━━ RECORDS FOR PROCESSING ━━
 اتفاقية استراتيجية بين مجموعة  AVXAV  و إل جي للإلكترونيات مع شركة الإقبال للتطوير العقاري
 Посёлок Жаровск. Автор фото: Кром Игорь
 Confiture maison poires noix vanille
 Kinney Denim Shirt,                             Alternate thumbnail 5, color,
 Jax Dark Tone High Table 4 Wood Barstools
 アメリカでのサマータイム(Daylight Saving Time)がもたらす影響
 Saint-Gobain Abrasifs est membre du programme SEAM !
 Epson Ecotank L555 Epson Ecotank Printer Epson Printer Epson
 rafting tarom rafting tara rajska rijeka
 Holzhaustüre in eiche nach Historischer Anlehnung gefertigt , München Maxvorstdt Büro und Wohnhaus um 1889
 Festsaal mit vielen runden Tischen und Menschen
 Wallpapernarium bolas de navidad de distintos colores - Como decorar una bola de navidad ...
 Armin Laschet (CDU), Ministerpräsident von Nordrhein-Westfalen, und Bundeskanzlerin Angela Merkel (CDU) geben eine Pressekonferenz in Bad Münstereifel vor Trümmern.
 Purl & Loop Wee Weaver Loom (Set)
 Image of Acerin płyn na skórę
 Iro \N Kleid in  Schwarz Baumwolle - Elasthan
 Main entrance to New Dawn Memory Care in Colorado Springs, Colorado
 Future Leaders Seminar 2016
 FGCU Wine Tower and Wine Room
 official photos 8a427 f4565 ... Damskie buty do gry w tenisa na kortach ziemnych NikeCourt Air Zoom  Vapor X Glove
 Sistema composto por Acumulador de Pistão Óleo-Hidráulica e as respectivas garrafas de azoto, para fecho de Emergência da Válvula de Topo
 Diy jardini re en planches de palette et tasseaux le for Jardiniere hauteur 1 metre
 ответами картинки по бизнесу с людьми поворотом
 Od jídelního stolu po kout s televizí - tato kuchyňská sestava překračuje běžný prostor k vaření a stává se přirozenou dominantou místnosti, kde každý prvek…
━━━
Repeat each of the records exactly as written.

 اتفاقية استراتيجية بين مجموعة  AVXAV  و إل جي للإلكترونيات مع شركة الإقبال للتطوير العقاري
 Посёлок Жаровск. Автор фото: Кром Игорь
 Confiture maison poires noix vanille
 Kinney Denim Shirt,                             Alternate thumbnail 5, color,
 Jax Dark Tone High Table 4 Wood Barstools
 アメリカでのサマータイム(Daylight Saving Time)がもたらす影響
 Saint-Gobain Abrasifs est membre du programme SEAM !
 Epson Ecotank L555 Epson Ecotank Printer Epson Printer Epson
 rafting tarom rafting tara rajska rijeka
 Holzhaustüre in eiche nach Historischer Anlehnung gefertigt , München Maxvorstdt Büro und Wohnhaus um 1889
 Festsaal mit vielen runden Tischen und Menschen
 Wallpapernarium bolas de navidad de distintos colores - Como decorar una bola de navidad ...
 Armin Laschet (CDU), Ministerpräsident von Nordrhein-Westfalen, und Bundeskanzlerin Angela Merkel (CDU) geben eine Pressekonferenz in Bad Münstereifel vor Trümmern.
 Purl & Loop Wee Weaver Loom (Set)
 Image of Acerin płyn na skórę
 Iro \N Kleid in  Schwarz Baumwolle - Elasthan
 Main entrance to New Dawn Memory Care in Colorado Springs, Colorado
 Future Leaders Seminar 2016
 FGCU Wine Tower and Wine Room
 official photos 8a427 f4565 ... Damskie buty do gry w tenisa na kortach ziemnych NikeCourt Air Zoom  Vapor X Glove
 Sistema composto por Acumulador de Pistão Óleo-Hidráulica e as respectivas garrafas de azoto, para fecho de Emergência da Válvula de Topo
 Diy jardini re en planches de palette et tasseaux le for Jardiniere hauteur 1 metre
 ответами картинки по бизнесу с людьми поворотом
 Od jídelního stolu po kout s televizí - tato kuchyňská sestava překračuje běžný prostor k vaření a stává se přirozenou dominantou místnosti, kde každý prvek…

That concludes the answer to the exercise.